=== TASK GOAL ===
A word-for-word copy of the following listing is needed. Leave out its images.

=== DATA EXTRACT ===

--------

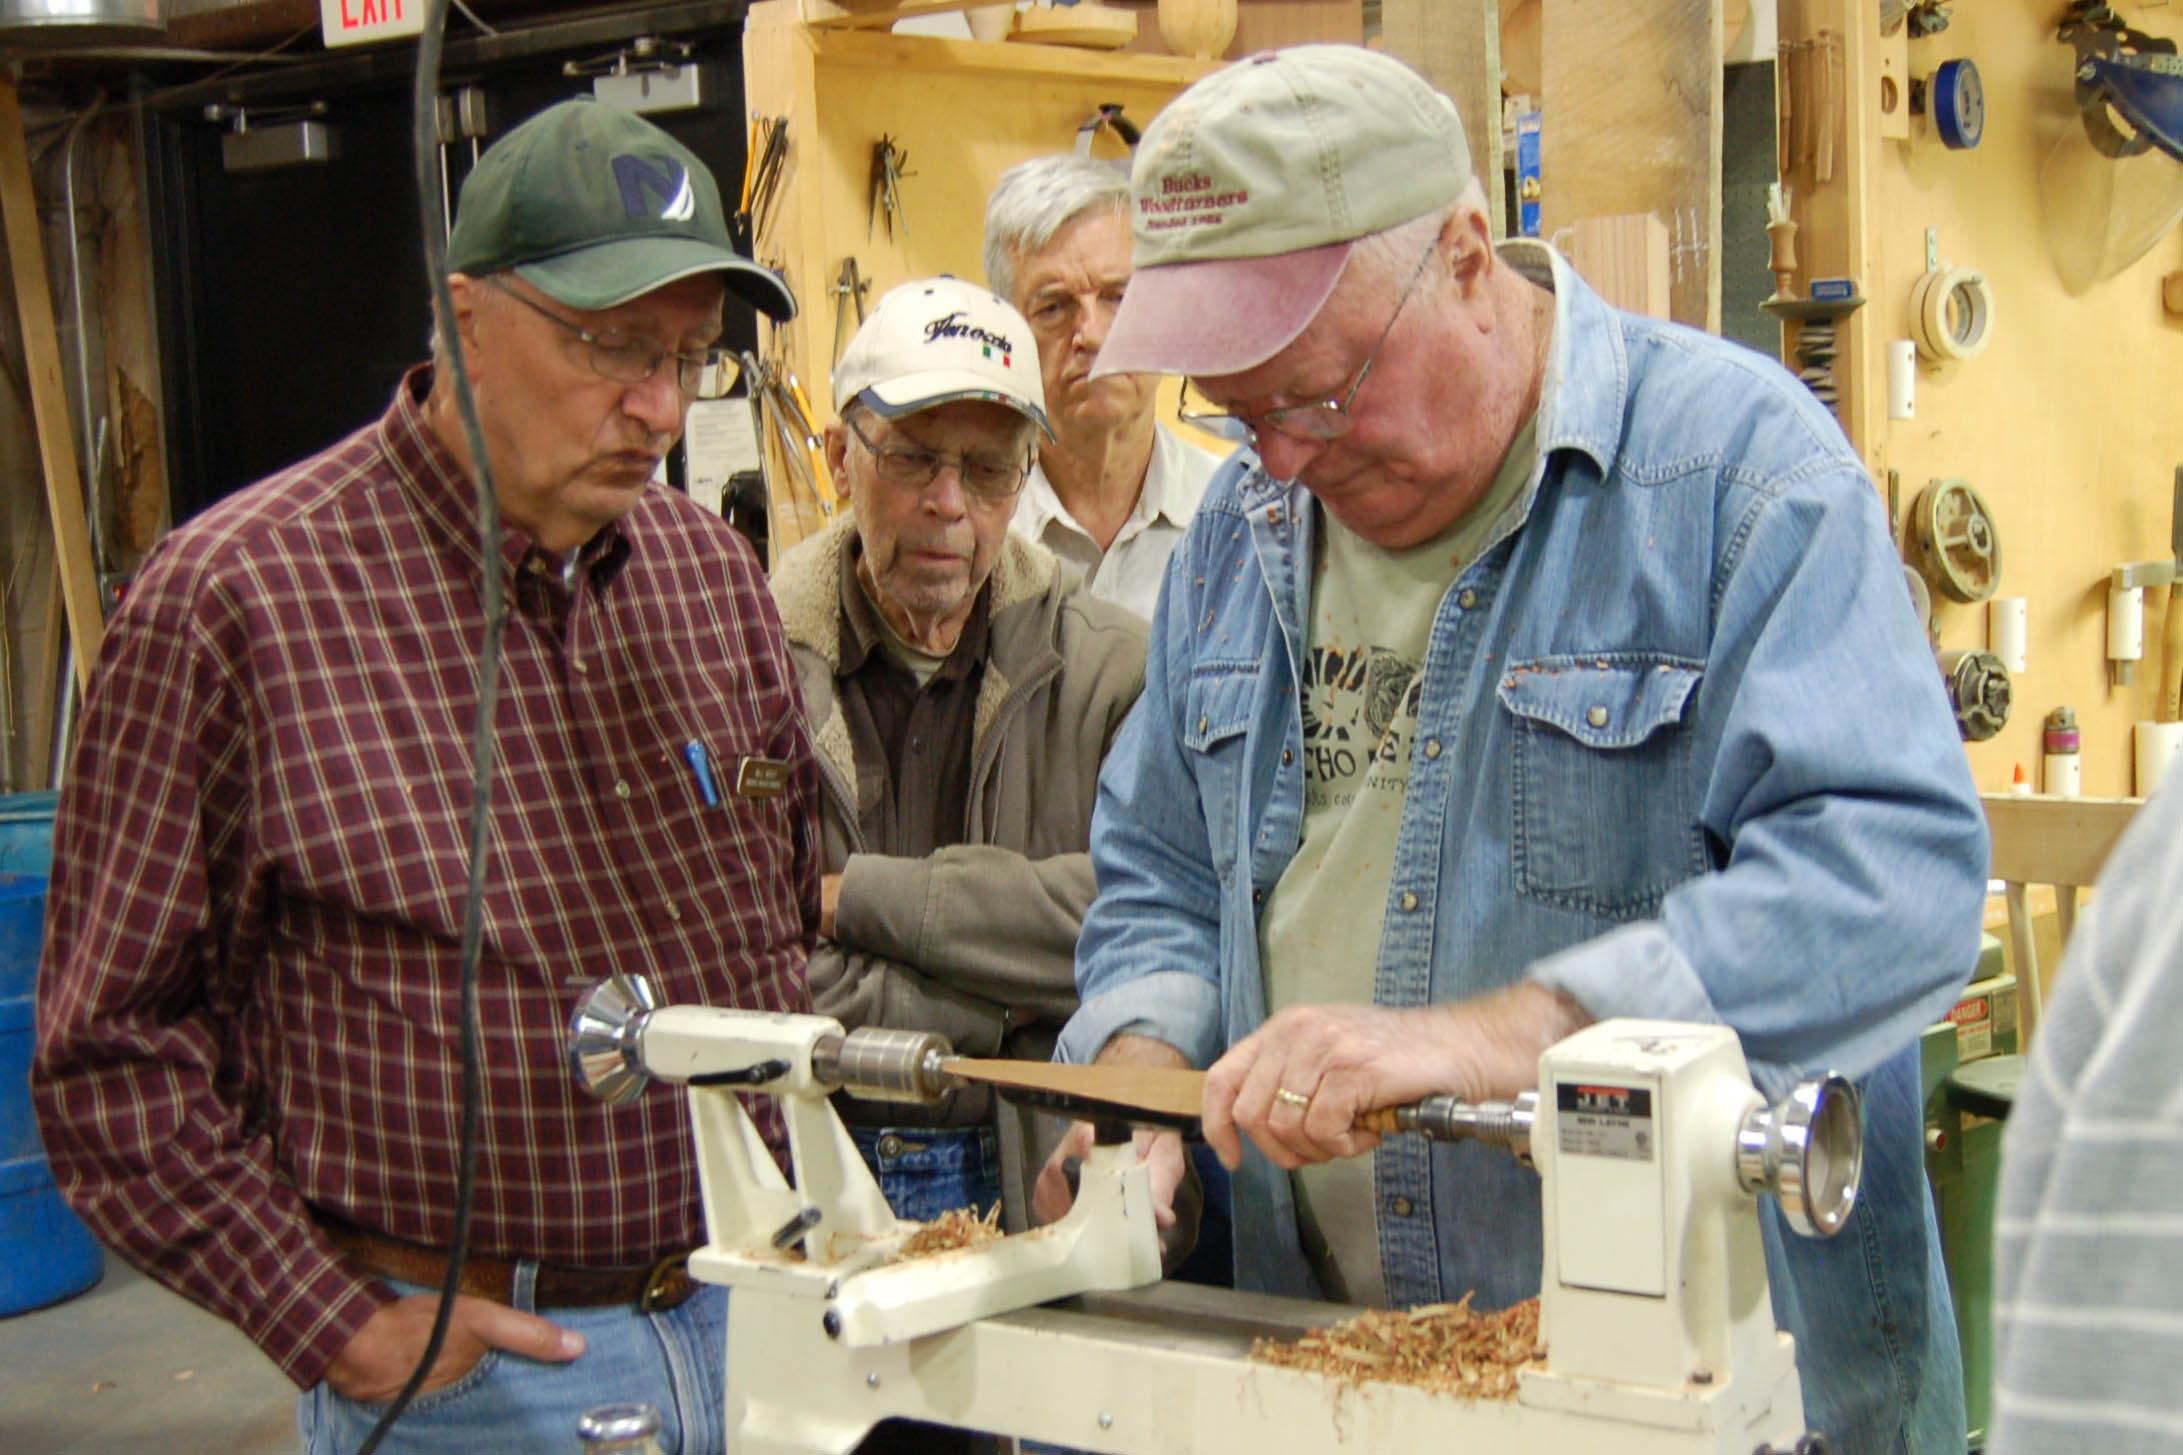  Bill Weist, Litton Frank, and Rick Baker look on as Ed works on a spatula. 
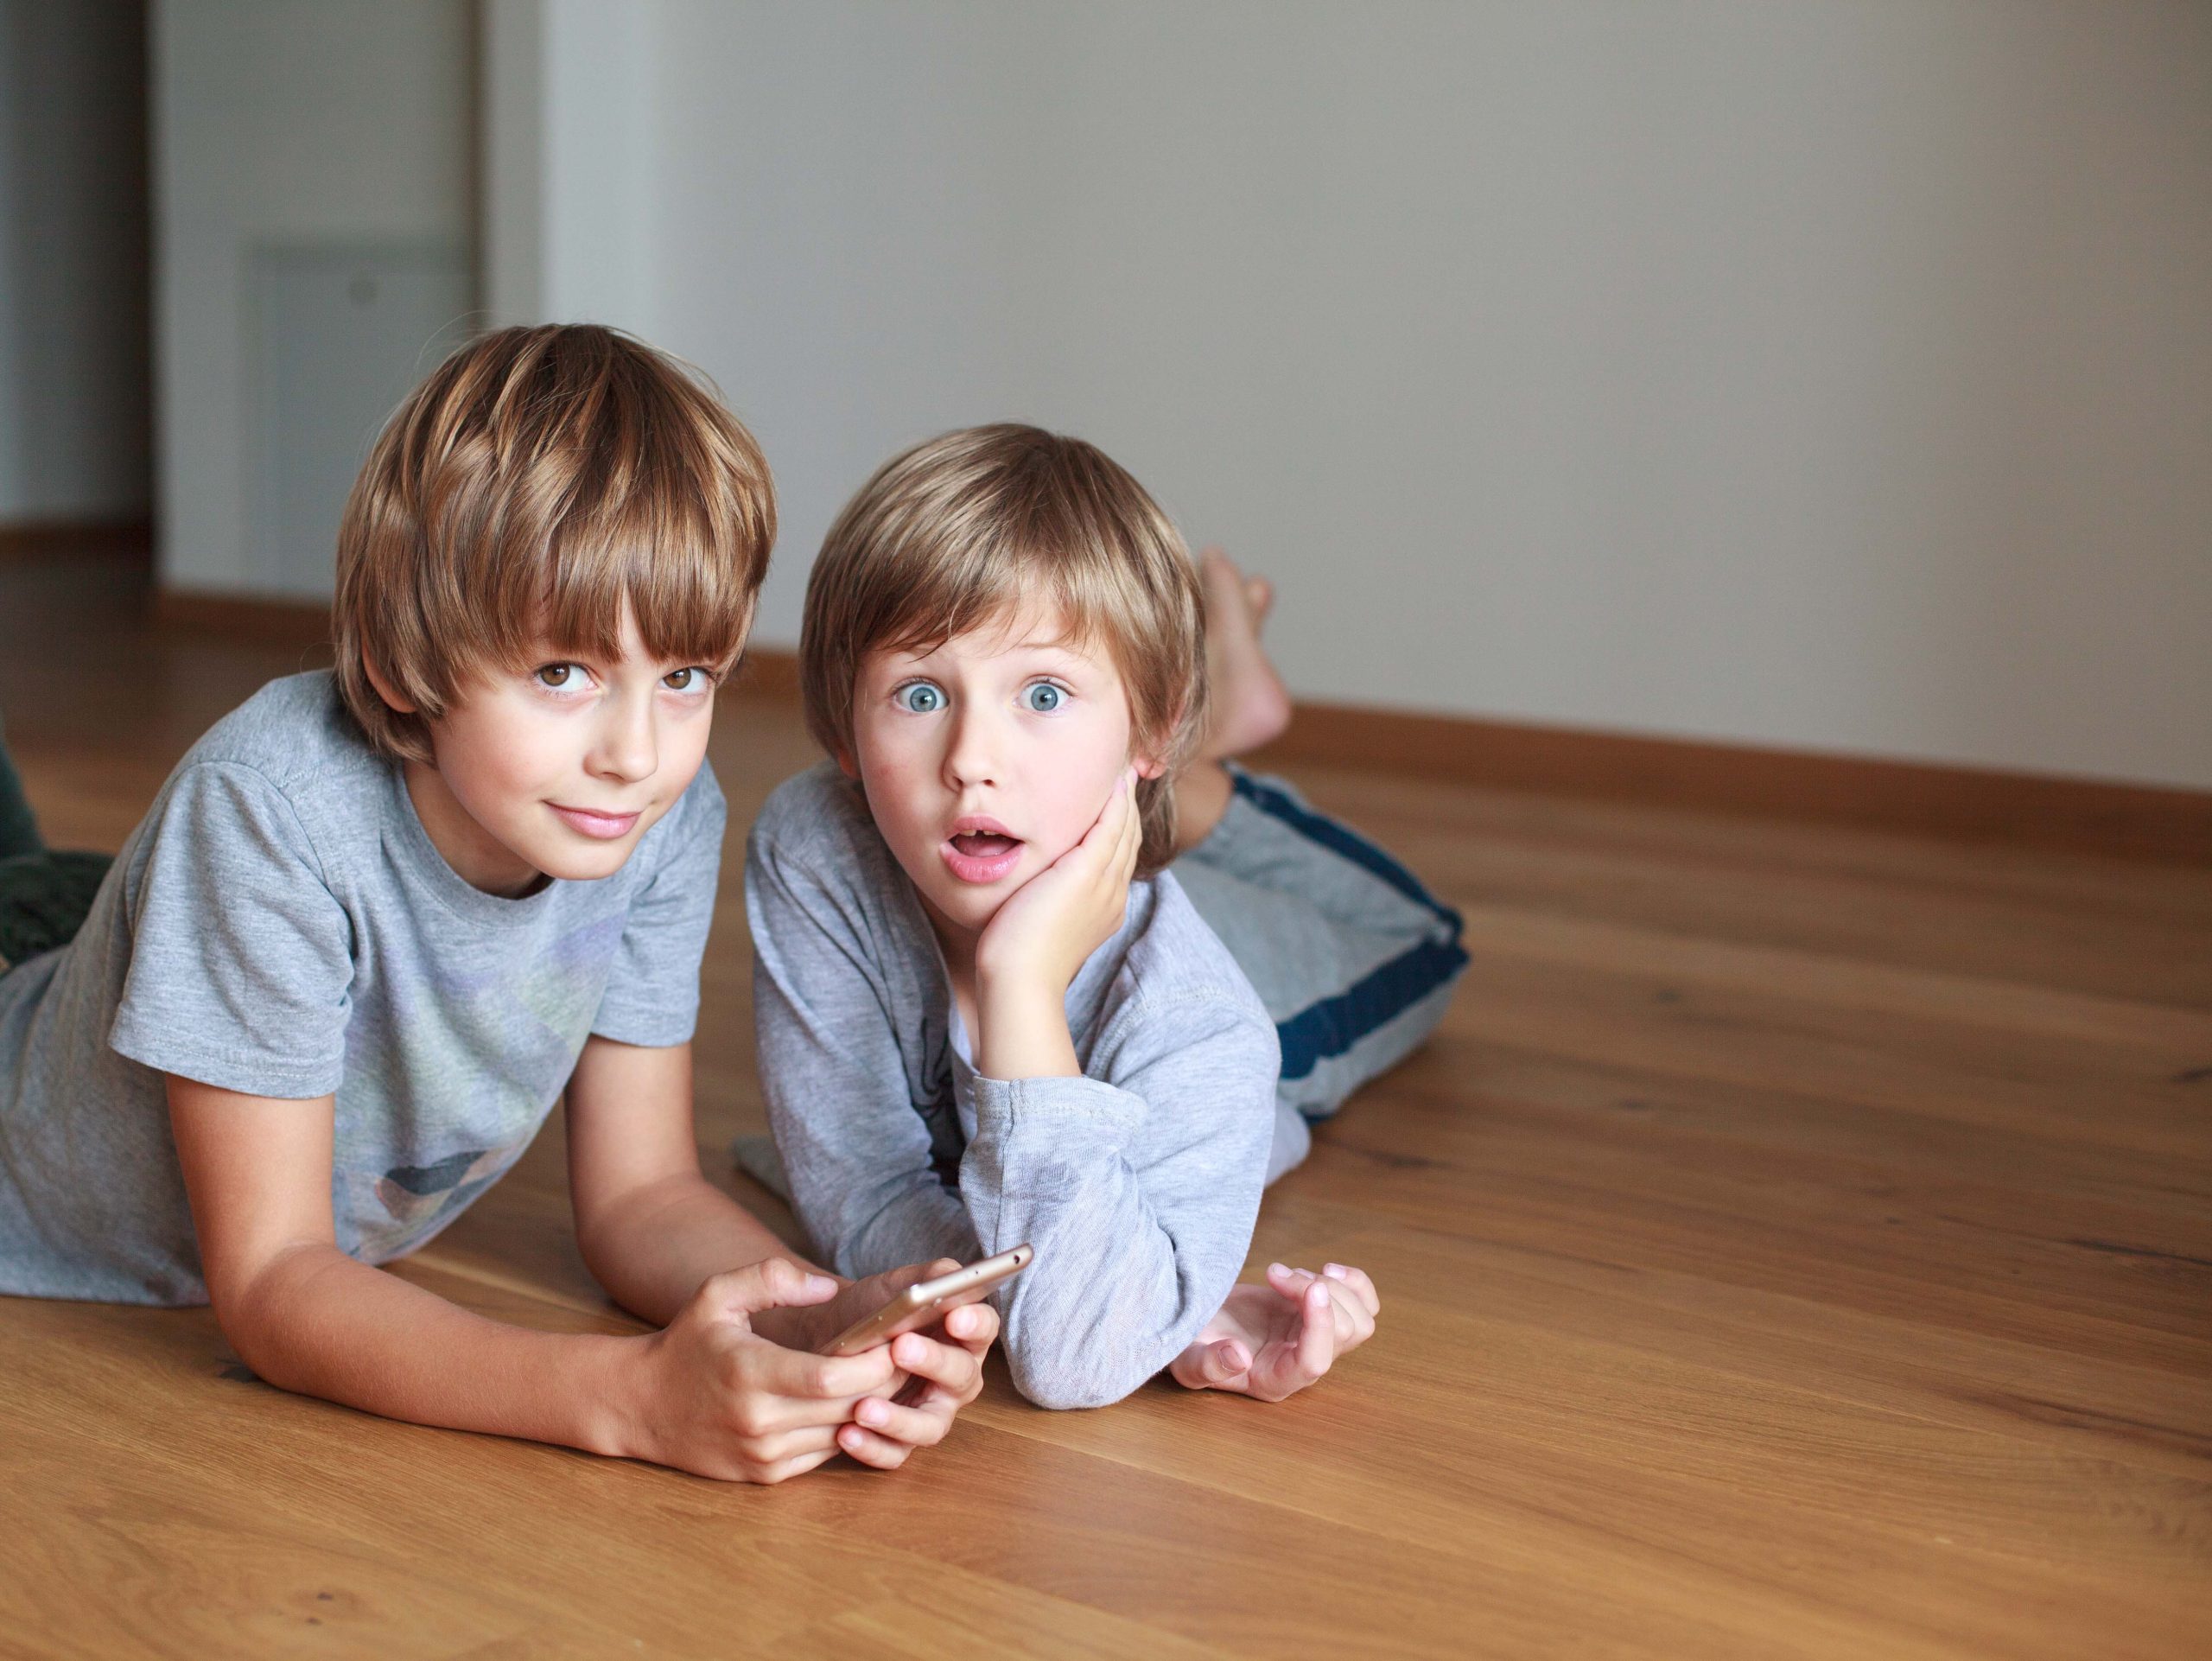 Two surprised kids lying on wooden floor and using mobile phone
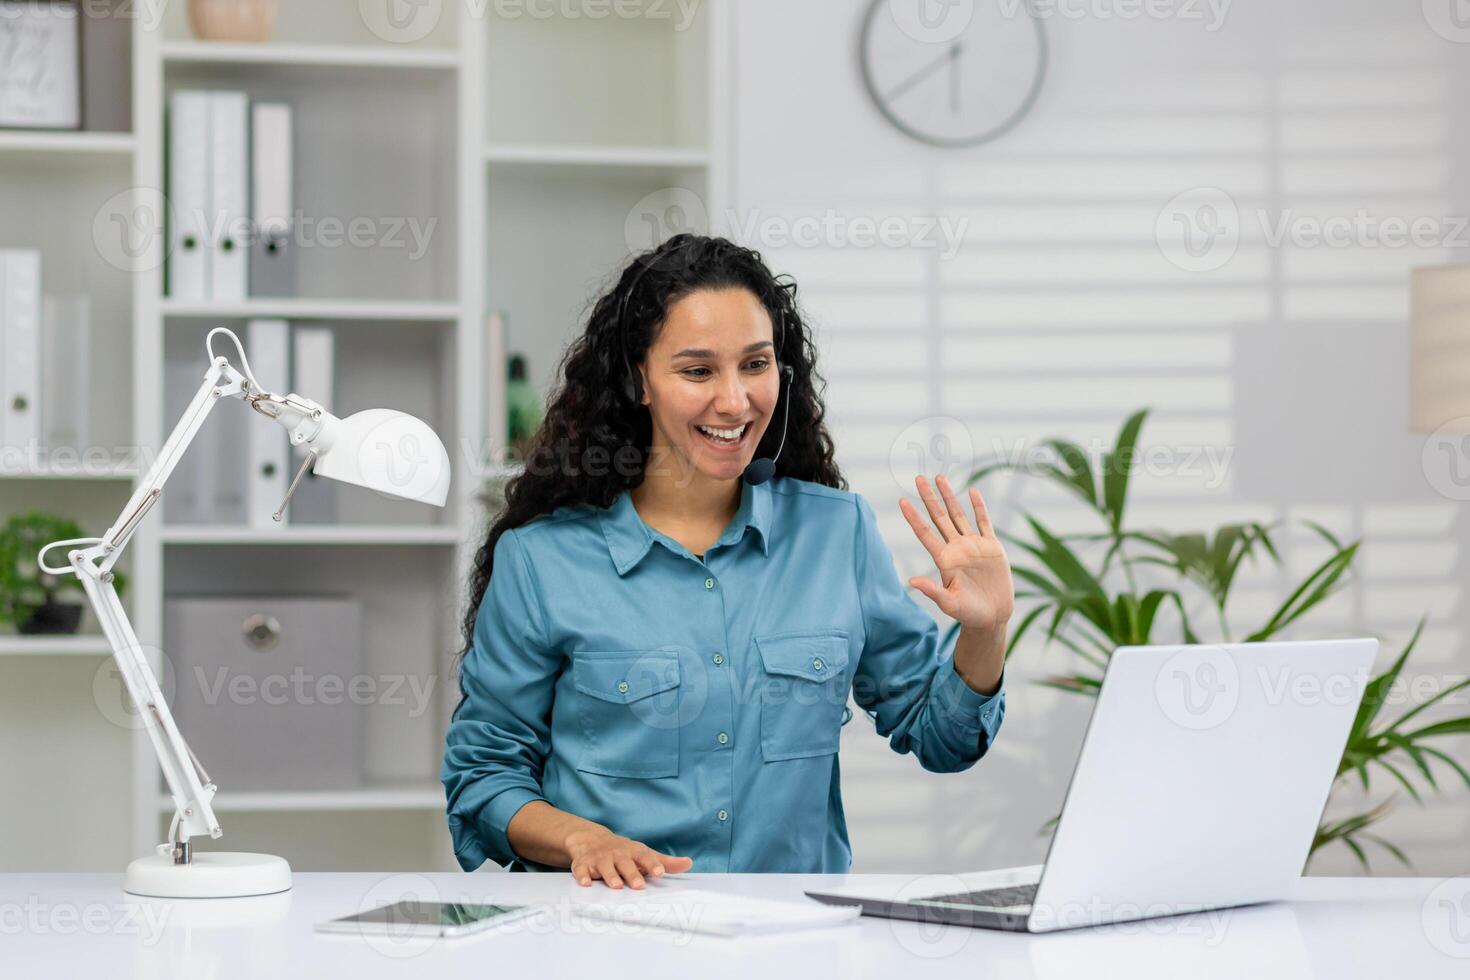 Friendly businesswoman in a smart blue shirt, waving and smiling during a virtual meeting in a well-lit office setting, showcasing effective remote work communication. photo

--------

=== SOLUTION ===
  Bill Weist, Litton Frank, and Rick Baker look on as Ed works on a spatula. 
 Two surprised kids lying on wooden floor and using mobile phone
 Friendly businesswoman in a smart blue shirt, waving and smiling during a virtual meeting in a well-lit office setting, showcasing effective remote work communication. photo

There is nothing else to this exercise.